On Mon, Sep 23, 2013 at 02:37:29PM -0700, Jonathan Nieder wrote:
> Hi,
> 
> Michael S. Tsirkin wrote:
> >> On Tue, Sep 17, 2013 at 04:56:16PM -0400, Jeff King wrote:
> 
> >>>>> A problem with both schemes, though, is that they are not
> >>>>> backwards-compatible with existing git-patch-id implementations.
> [...]
> >>> It may be esoteric enough not to worry about, though.
> 
> Yeah, I think it would be okay.  Details of the diff generation
> algorithm have changed from time to time anyway (and broken things,
> as you mentioned) and we make no guarantee about this.
> 
> [...]
> >> patch-id: make it more stable
> >>
> >> Add a new patch-id algorithm making it stable against
> >> hunk reodering:
> >> 	- prepend header to each hunk (if not there)
> >> 	- calculate SHA1 hash for each hunk separately
> >> 	- sum all hashes to get patch id
> >>
> >> Add --order-sensitive to get historical unstable behaviour.
> 
> The --order-sensitive option seems confusing.  How do I use it to
> replicate a historical patch-id?

You supply a historical diff to it :)

> If I record all options that might
> have influenced ordering (which are those?) then am I guaranteed to
> get a reproducible result?  

Maybe not.
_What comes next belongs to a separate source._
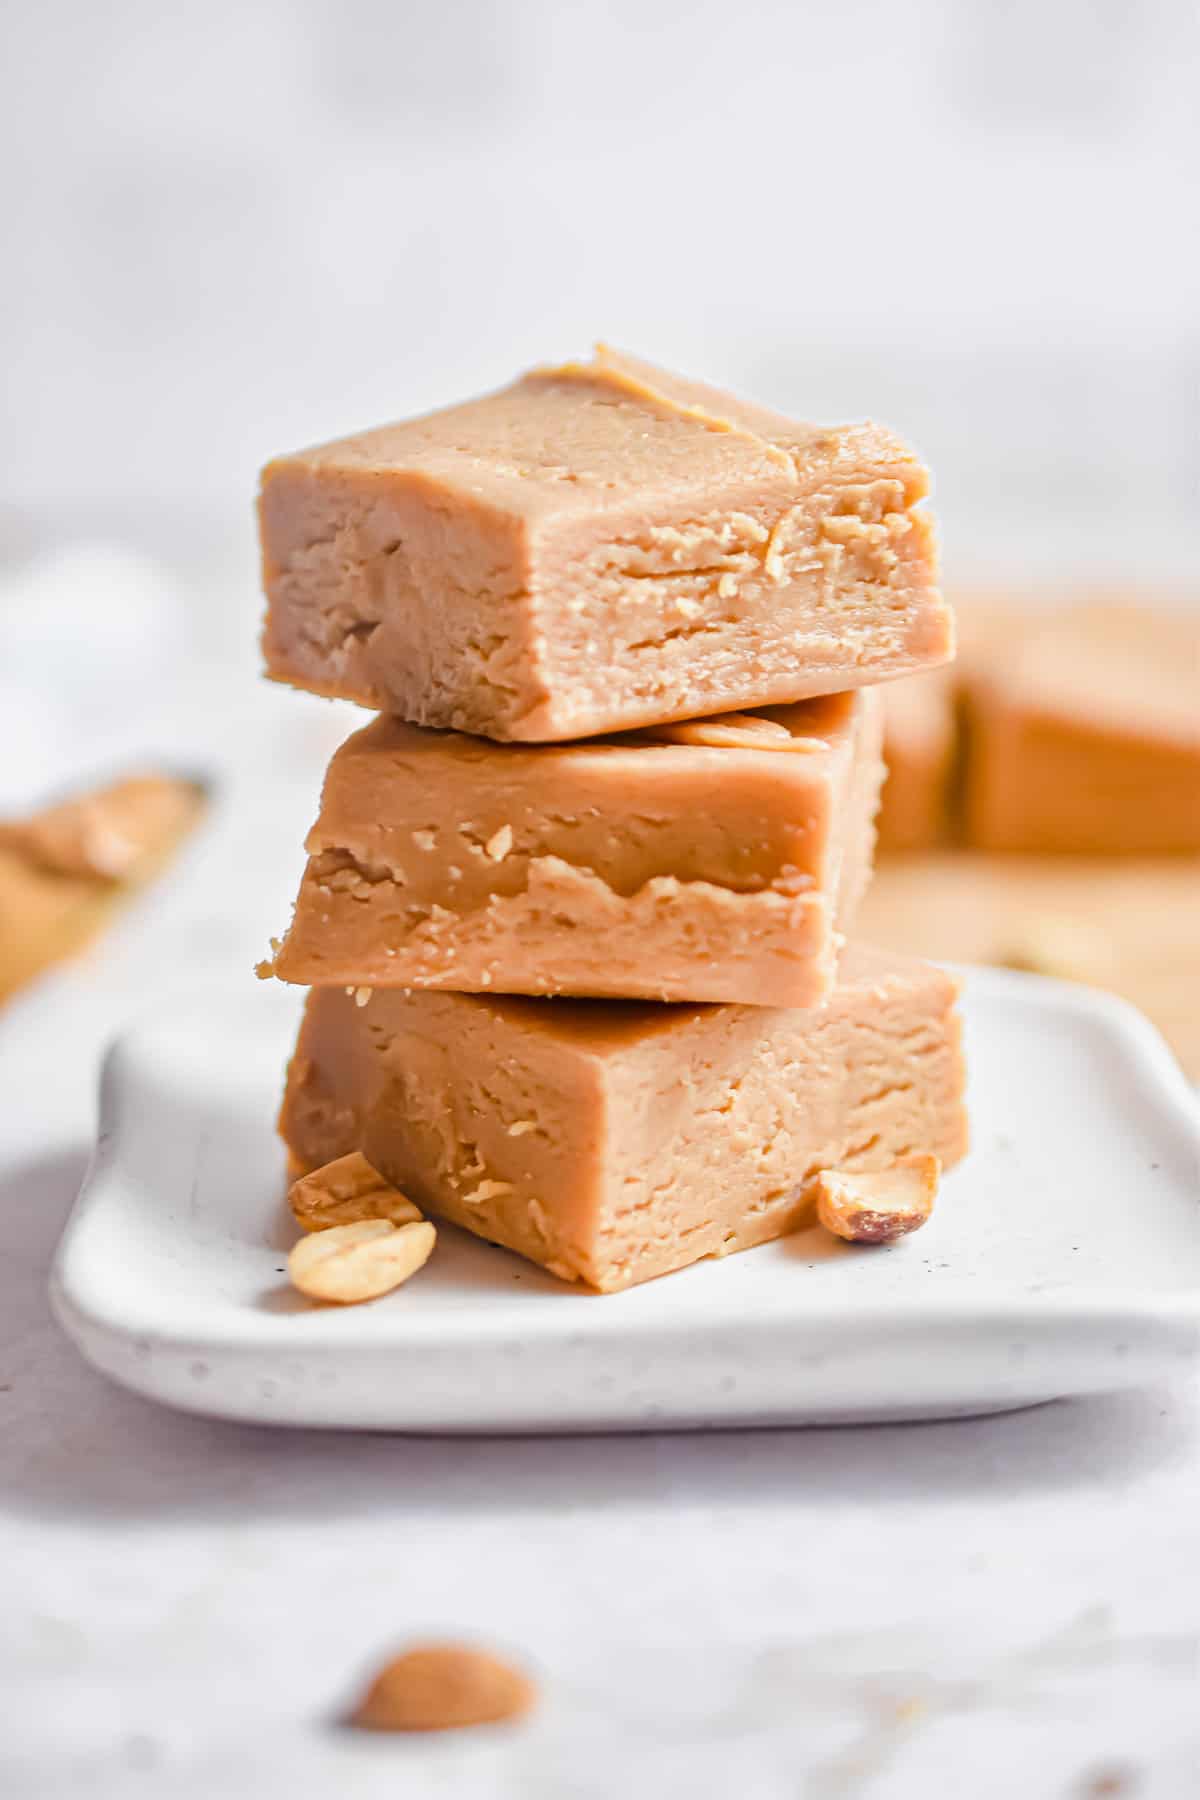 <p>An easy no bake dessert, this 2 Ingredient Peanut Butter Fudge is made with two simple ingredients and ready in no time!</p> <p><strong>Go to the recipe:</strong> <strong><a href="https://lynnswayoflife.com/2-ingredient-peanut-butter-fudge/">2 Ingredient Peanut Butter Fudge</a></strong></p>

But if you have a patch on disk, you will get
old hash from it with --order-sensitive.

> So I would prefer either of the following over the above:
> 
>  a) When asked to compute the patch-id of a seekable file, use the
>     current streaming implementation until you notice a filename that
>     is out of order.  Then start over with sorted hunks (for example
>     building a table of offsets within the patch for each hunk to
>     support this).
> 
>     When asked to compute the patch-id of an unseekable file, stream
>     to a temporary file under $GIT_DIR to get a seekable file.

This can be computed in one pass: just keep two checksums around.

But the result won't be stable: if you get same patch from two
people one is ordered, the other isn't, you get two different checksums.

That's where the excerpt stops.